Activity -> Wherever an image appears in the data, omit it and copy all the remaining text word for word.

The data ->
──────────

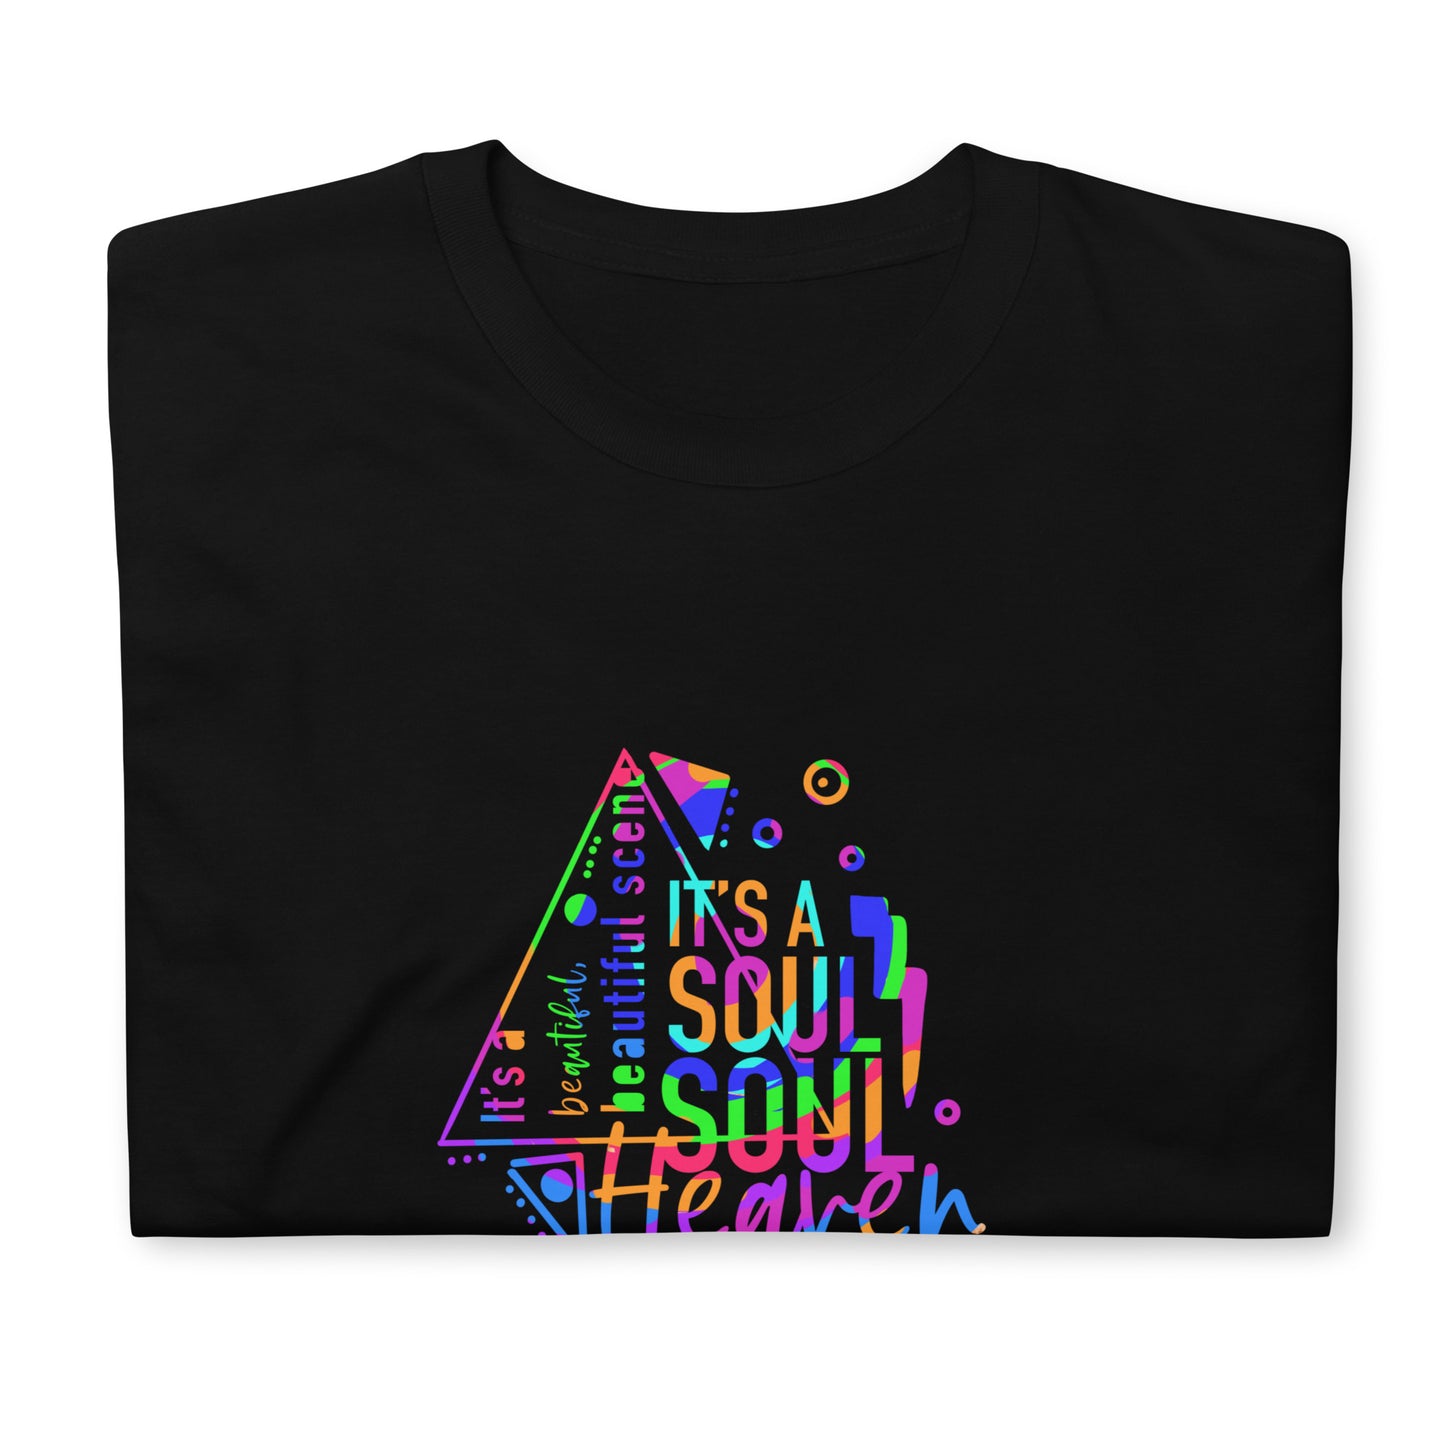 Soul Heaven Short-Sleeve Unisex T-Shirt colour
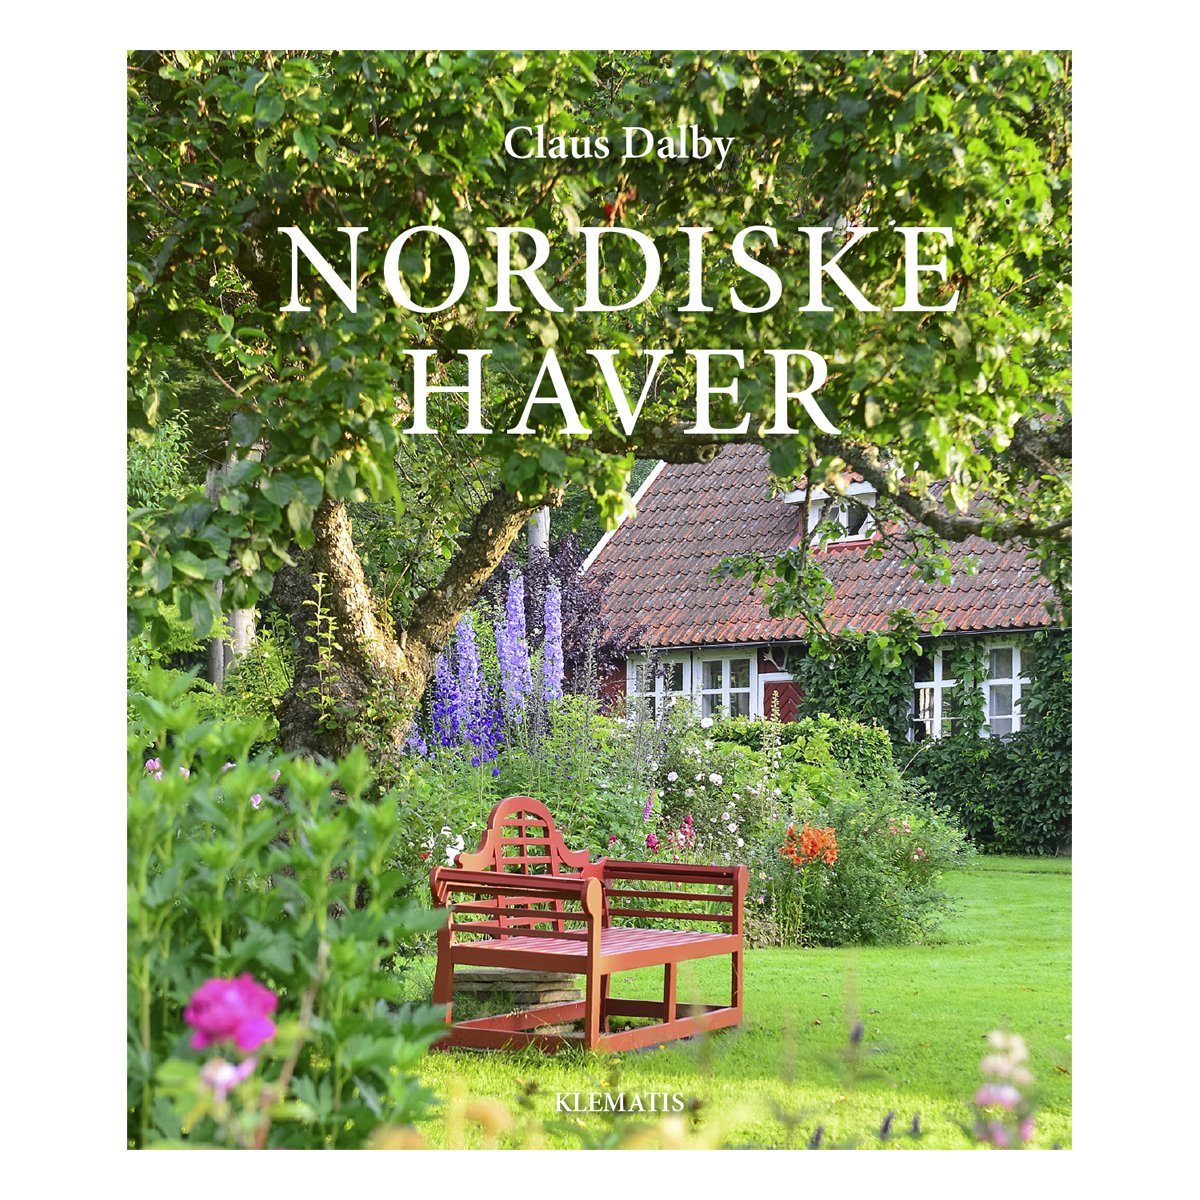 Nordiske haver
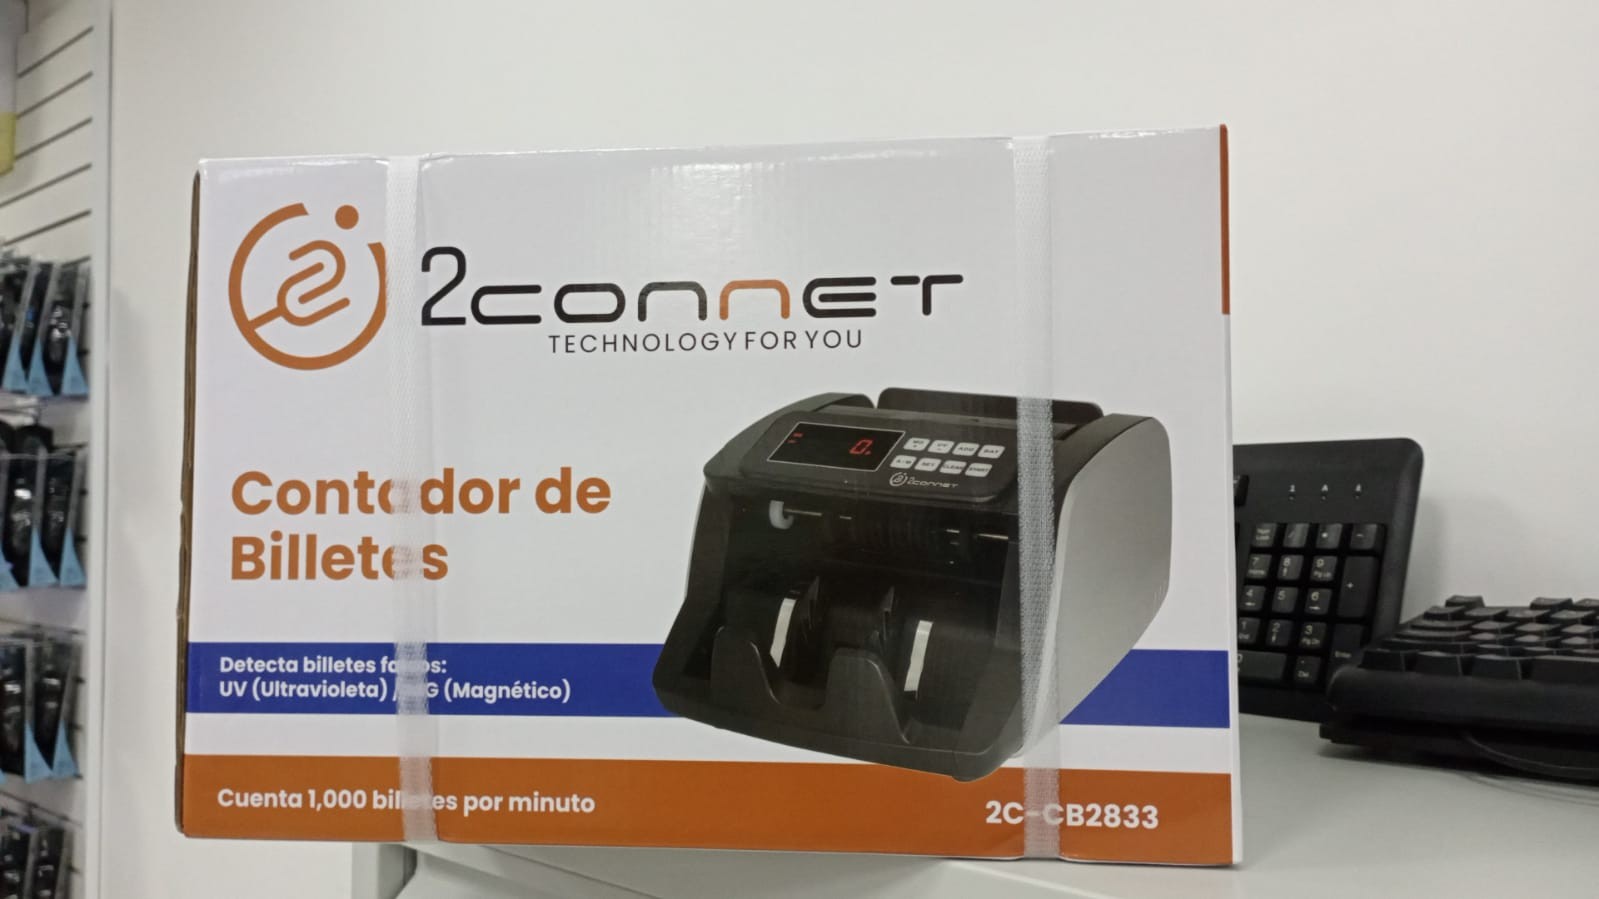 impresoras y scanners - Contadora de Dinero/Billetes Mod. 2C-CD2833

──────────

Output for this task ->
 Soul Heaven Short-Sleeve Unisex T-Shirt colour
 Nordiske haver
 impresoras y scanners - Contadora de Dinero/Billetes Mod. 2C-CD2833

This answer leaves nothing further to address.